Optimization does not necessarily need to be run whenever data is changed or added to the database. Optimization collects statistics that represent percentages of data in ranges and repetition factors. For instance, the statistics collected on employee gender show that 49% of the employees are female and 51% are male. Unless this percentage shifts dramatically, there is no need to rerun optimization on this column, even if the total number of employees changes.
You must rerun optimization if there are modifications to the database that alter the following:
For example, if you had run complete statistics on the empno column early in your company's history, your repetition factor is correct because all employees still have unique employee numbers. If you used ranges of employee numbers in any way, as you added new employees your histogram information is less accurate.
If your company originally had 100 employees, 10% of the employees have employee numbers greater than 90. If the company hired an additional 100 employees, 55% of the employees have employee numbers greater than 90, but the original histogram information does not reflect this.
Columns that show this type of "receding end" growth and are used in range queries can periodically need to have optimization run on them (exact match on employee number is not affected, because the information that says all employee numbers are unique is still correct).

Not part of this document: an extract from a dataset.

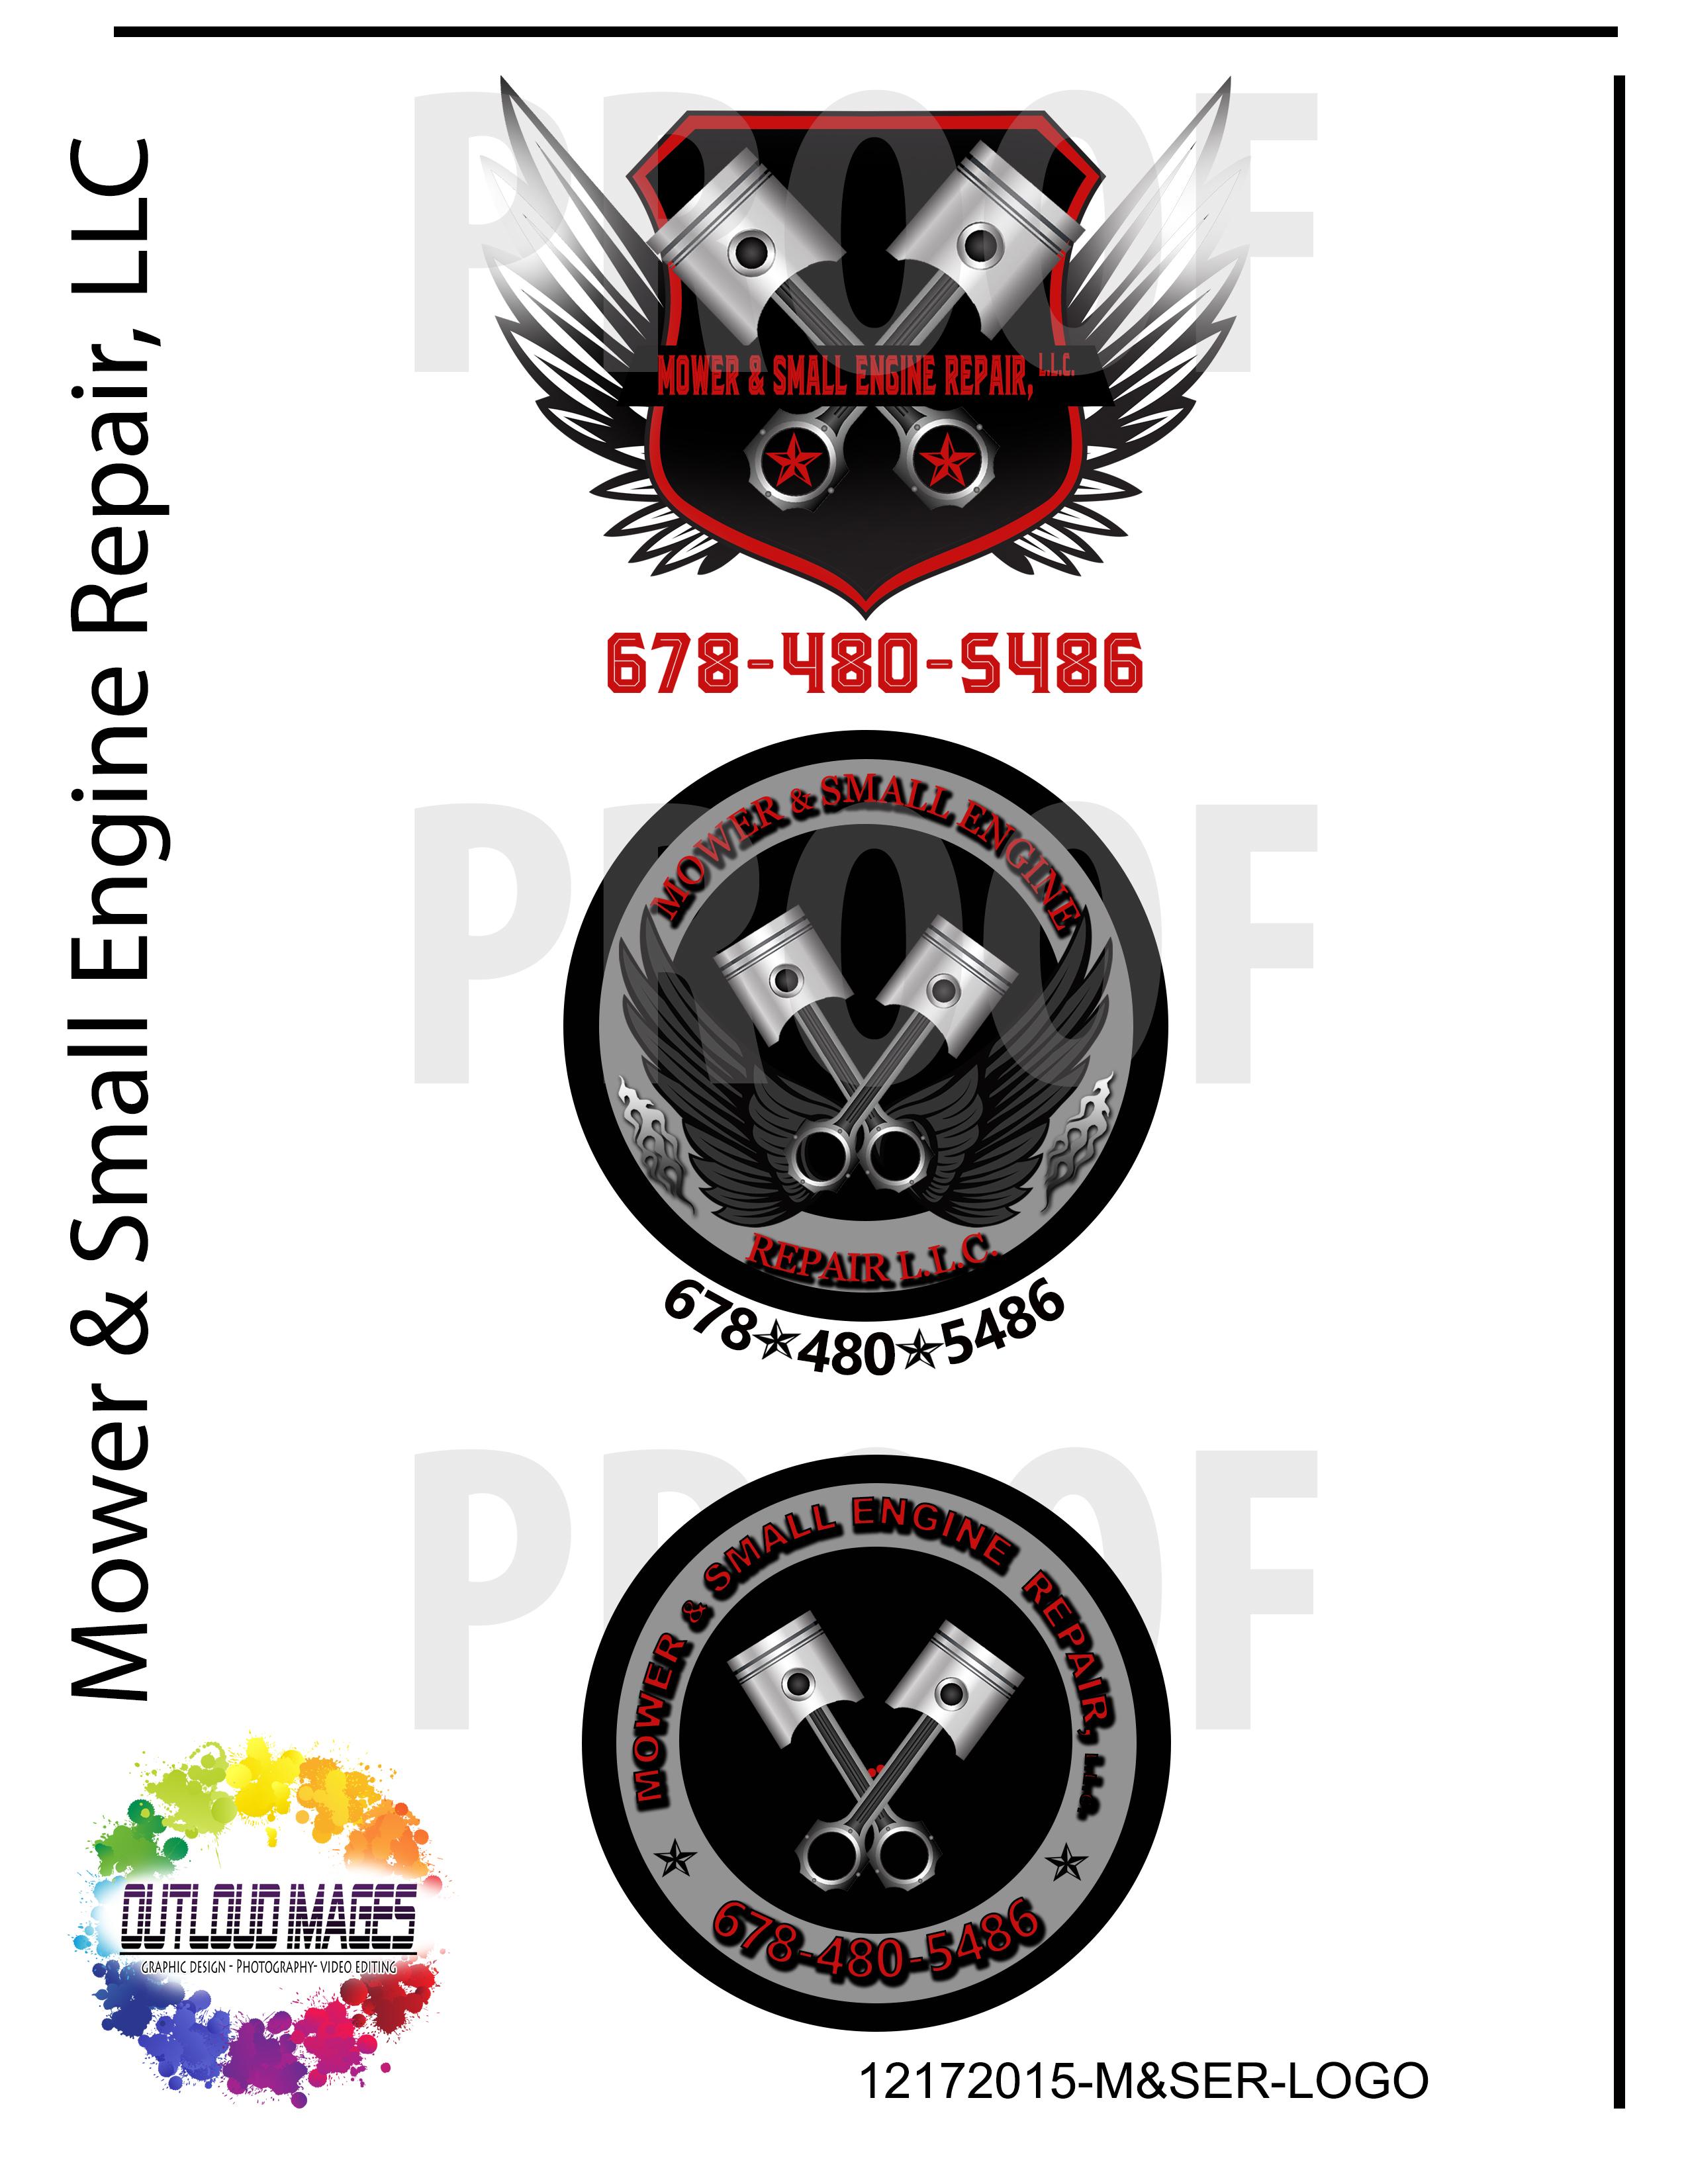 logo proof- mower & small engine repair

Even if the statistics are not up-to-date, the query results are still correct.
If statistics are available on a column referenced in a where clause, the query optimizer uses the information to choose the most efficient QEP. Understanding how this information is used can be helpful in analyzing query performance. For more information, see Query Execution Plans.

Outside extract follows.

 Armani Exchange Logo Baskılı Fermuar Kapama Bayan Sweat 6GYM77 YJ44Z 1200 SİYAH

Two QEPs showing the effect of optimization are presented here. The first is a QEP before optimizing; the second shows the same query after optimization. The query used is a join, where both the r and s tables use the B-tree storage structure:
select * from r, s
where s.a > 4000 and r.a = s.a;
QEP Before Optimization
Before obtaining statistics, the optimizer chooses a full sort-merge (FSM) join, because it assumes that 10% of each table satisfies the qualification "a > 4000," as shown in the QEP diagram below:
QUERY PLAN 4,1, no timeout, of main query
FSM Join(a)
Heap
Pages 1 Tups 267
D15 C44
/ \
Proj-rest Proj-rest
Sorted(a) Sorted(a)
Pages 5 Tups 1235 Pages 1 Tups 267
D11 C12 D4 C3
/ /
r s
B-Tree(a) B-Tree (a)
Pages 172 Tups 12352 Pages 37 Tups 2666
QEP After Optimization
After obtaining statistics, the optimizer chooses a Key join, because only one row satisfies the qualification "a > 4000," as shown in the QEP diagram below:
QUERY PLAN 4,1, no timeout, of main query
K Join(a)
Heap
Pages 1 Tups 1
D4 C1
/ \
Proj-rest r
Sorted(a) B-Tree(a)
Pages 1 Tups 1 Pages 172 Tups 12352
D2 C1
/
s
B-Tree(a)
Pages 37 Tups 2666
The cost of the key join is significantly less than the cost of the FSM join because the join involves far fewer rows.